The present invention relates to a voltage drop detecting circuit, more particularly, to a voltage drop detecting circuit by which a drop in a voltage being monitored such as a supply voltage can be detected with a more accurate threshold value and which has such a structure as to permit incorporation into ICs.
In circuits having a memory backed up with a battery, it is necessary that the source of power supply to the memory is changed to the backup battery when the supply of power to the whole circuit is interrupted. The timing of this change may be determined by a voltage drop detecting circuit which, while monitoring the supply voltage, generates a voltage drop detection signal when the supply voltage has dropped below the operating voltage of the memory.
FIG. 3 is a block diagram showing a prior art voltage detecting circuit, in which reference numeral 1 designates a comparison circuit, 2 is a reference voltage generation circuit, and 3 is a detection voltage generation circuit.

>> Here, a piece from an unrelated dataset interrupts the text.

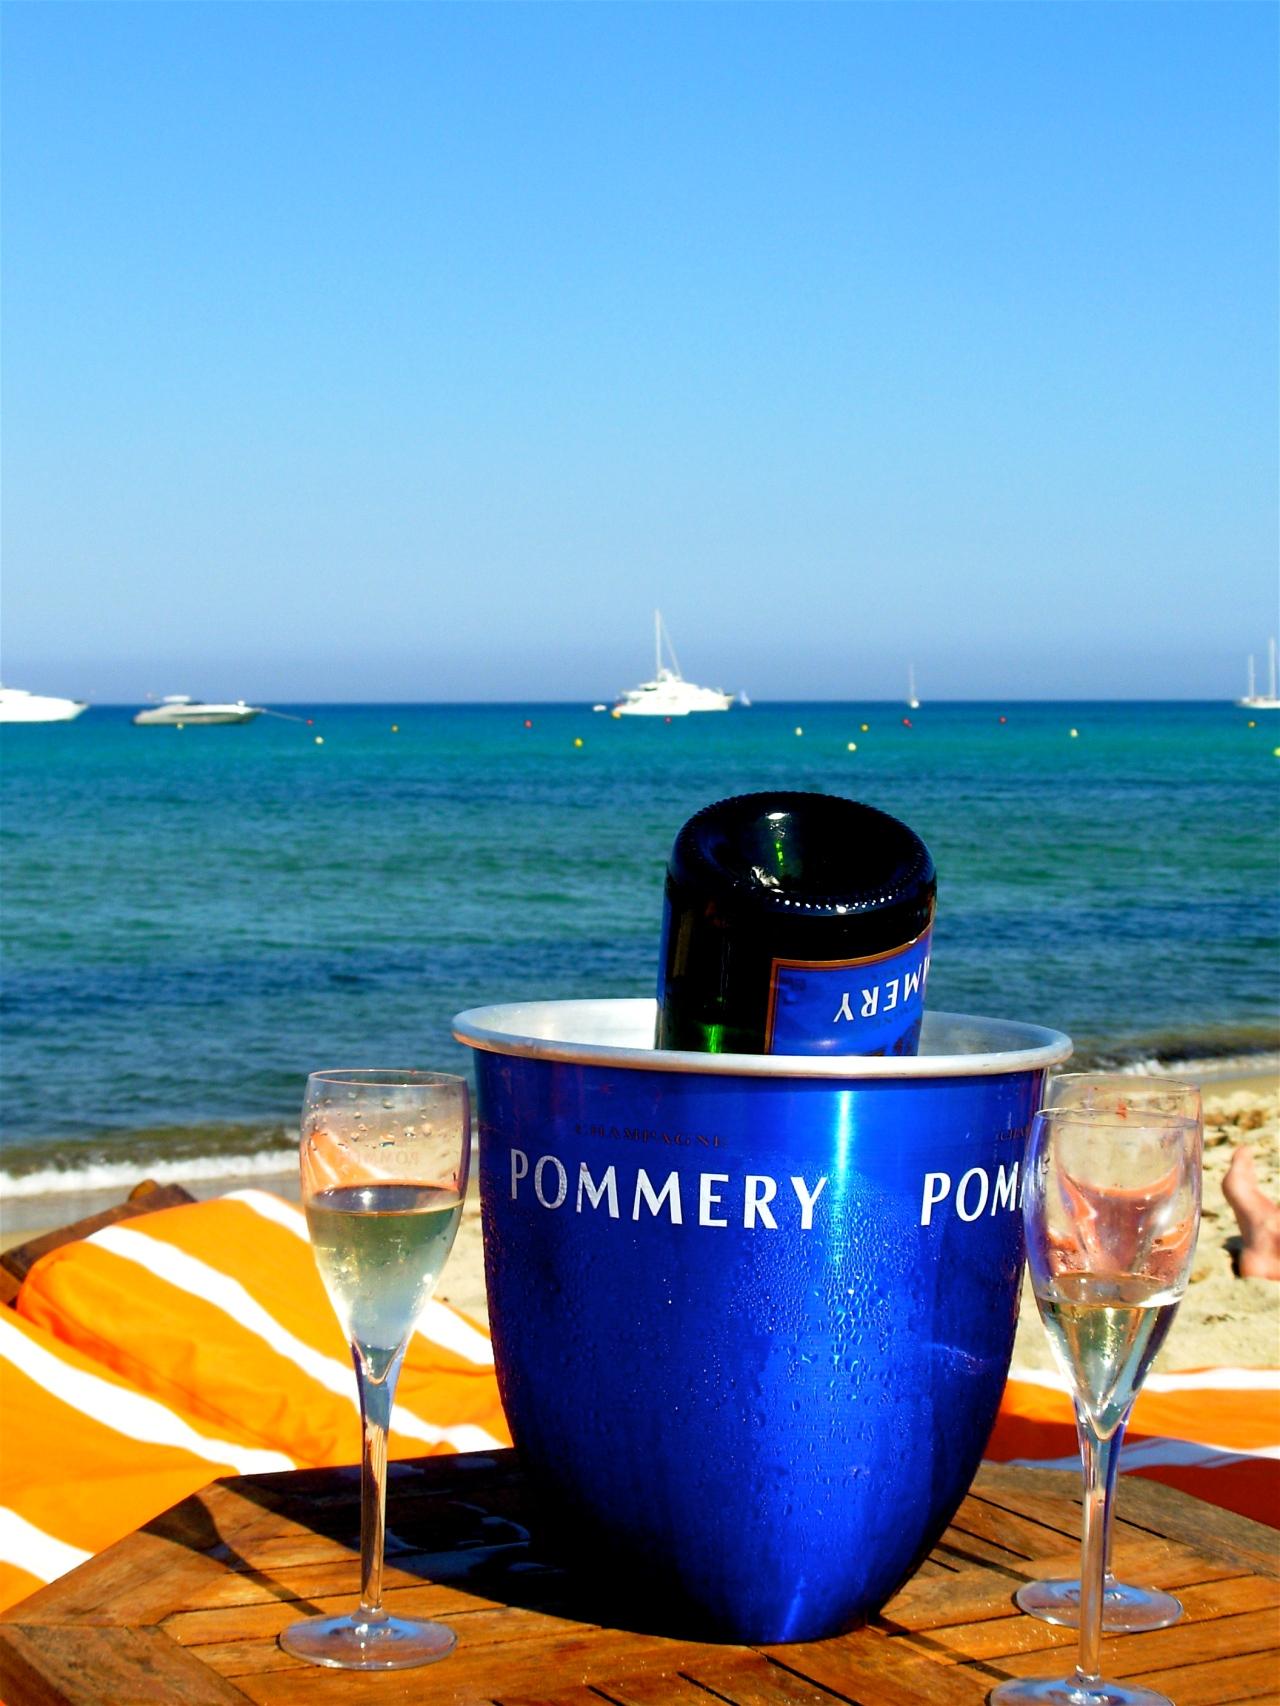 O dia está bom pra tomar champagne na praia em SaintTropez

The comparison circuit 1 is chiefly composed of a comparator; it compares detection voltage A with reference voltage B and outputs a voltage drop detection signal C if the detection voltage A is smaller than the reference voltage B.
The reference voltage generation circuit 2 is typically composed of a diode or a transistor and is basically intended to generate reference voltage B of a given value that is independent of the variation in the supply voltage.
The detection voltage generation circuit 3 is composed of resistors connected in series between a terminal connected to the supply voltage Vcc and a terminal connected to the ground (GND) and it generates detection voltage A by voltage division of the supply voltage Vcc through resistor change. The ratio between the resistances provided by the resistors is specified in such a way that the detection voltage A coincides with the reference voltage B when the supply voltage Vcc is equal to the threshold level to be detected.
Given the circuit structure described above, voltage drop detection signal C will not be produced as output when the supply voltage Vcc is of a steady-state value since the detection voltage A is greater than the reference voltage B.
However, if the supply voltage Vcc has dropped below the threshold level, the detection voltage A becomes less than the reference voltage B, causing voltage drop detection signal C to be produced as output.
Hence, the necessary processing may be performed at a timing equal to that of outputting of voltage detection signal C. To take the above-described case as an example, one may insure that the source of power supply to the memory is changed to the backup battery at a timing equal to that of outputting of voltage detection signal C.
A problem with the prior art voltage detector circuit is that the reference voltage generation circuit which is typically composed of a diode or a transistor experiences variations in the reference voltage from one product IC to another on account of the effects of fabrication process and the materials used. One of the methods that have been proposed to eliminate these variations is to repeat measurements and adjustments by laser trimming or some other suitable technique until the necessary precision is attained for individual ICs.
However, this method requires expensive facilities and a lot of steps, so the scope of its application is limited to areas of high added value such as measuring instrumentation. Hence, the voltage drop detecting circuit in general-purpose ICs of low added value has suffered from the problem that the threshold value for detection varies greatly from one IC to another.